And pray that there’s intelligent life
Somewhere up in space, because
There’s bugger all down here on Earth.
- — Galaxy Song, Monty Python’s Meaning of Life, 1983
A big “but”
Ihave been grappling for some time with what is so troubling about the modern techno synthesis — End of History millenarianism, truth, data modernism, determinism and the oddly illiberal fix these logical ideas put us in — but have struggled to put my finger on it.
In Fluke: Chance, Chaos and Why Everything We Do Matters, “disillusioned social scientist” Brian Klaas helps. But not as he means to.
This is a silly book. It makes a great show of being interesting, but then steers off a cliff in its final chapter, which presents as a big “but”. As G.R.R. Martin puts it, “Everything before the word ‘but’ is horseshit.”
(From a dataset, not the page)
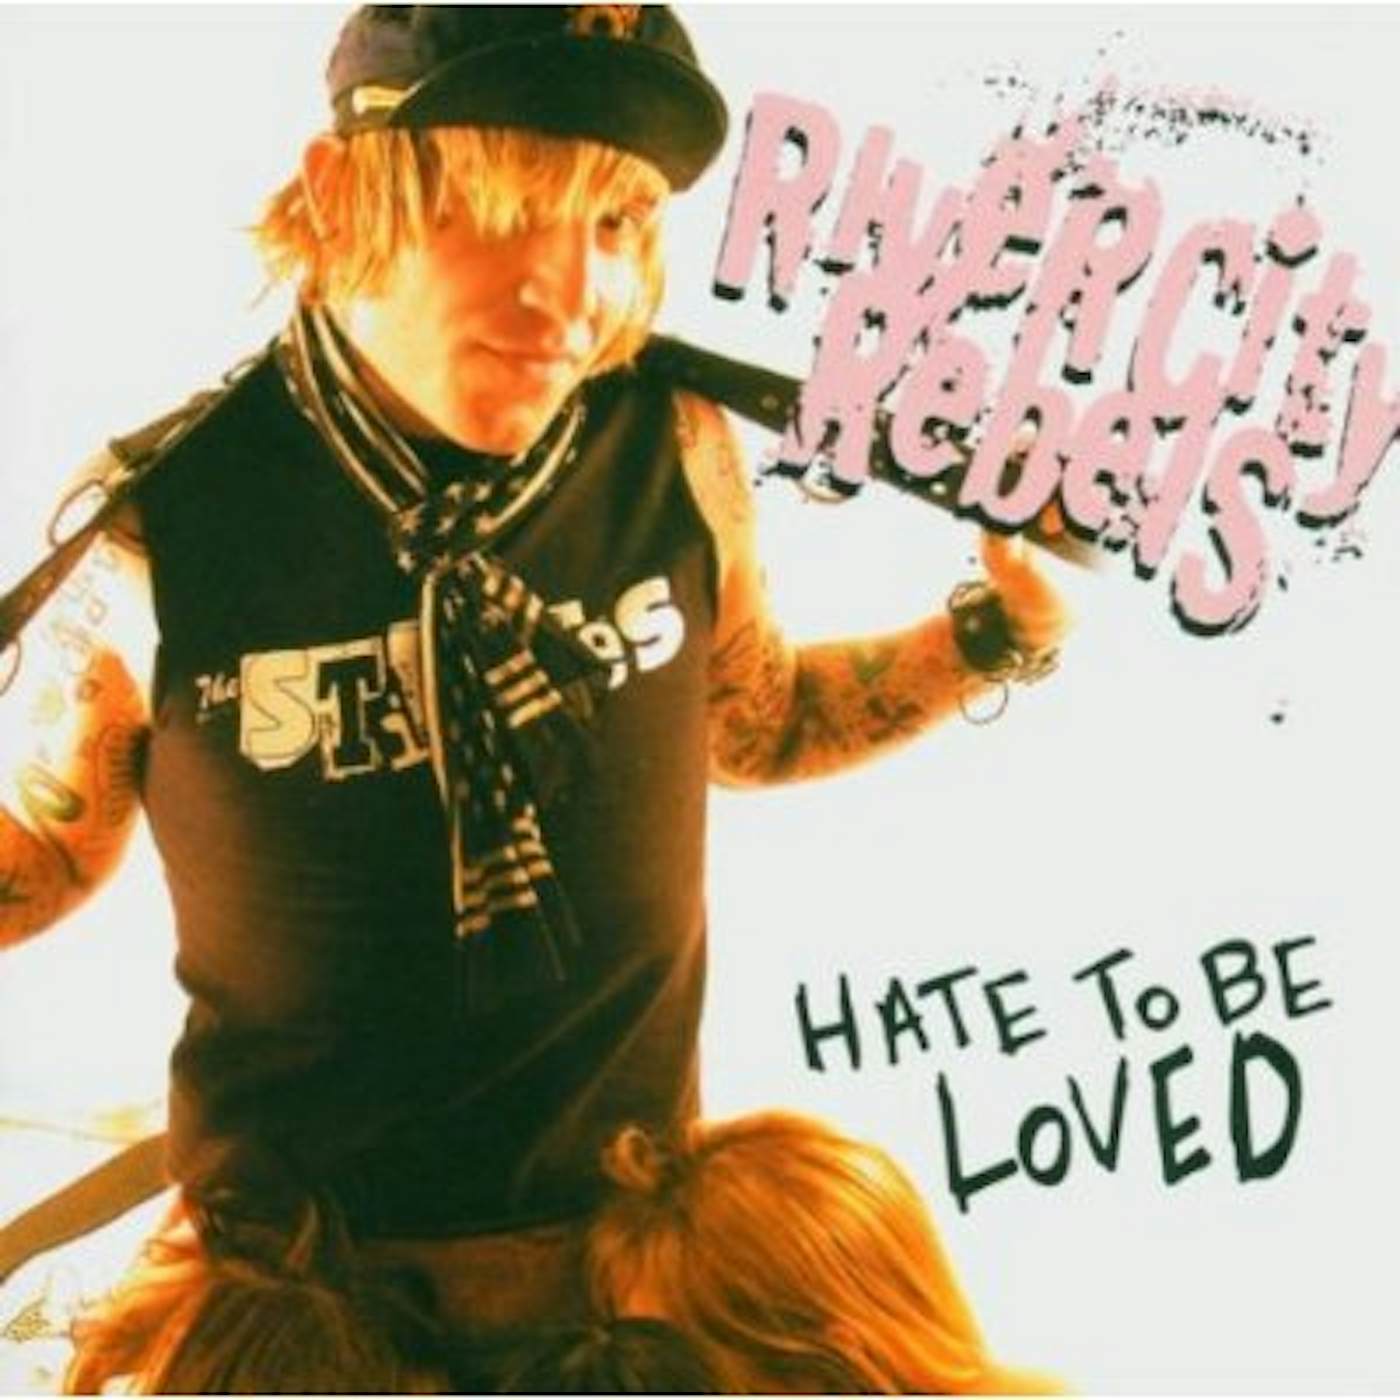 River City Rebels HATE TO BE LOVED CD

You might think I am being unfair or uninformed in my opinion. So I might — it would hardly be the first time — but even Professor Klaas would say it is not my fault: I can’t help it. Indeed, be obliged to concede that this review, exactly as it appears, has been coming since before he wrote his book. It has its origins, as does his silly book, in the dawn of history.
The great divide
In modern academic discourse, there are two strands of thought: the icy rationalism of the STEM disciplines and the post-modernist mumbo jumbo of the humanities. This is, of course, an outrageous generalisation, but it also, kind of, isn’t.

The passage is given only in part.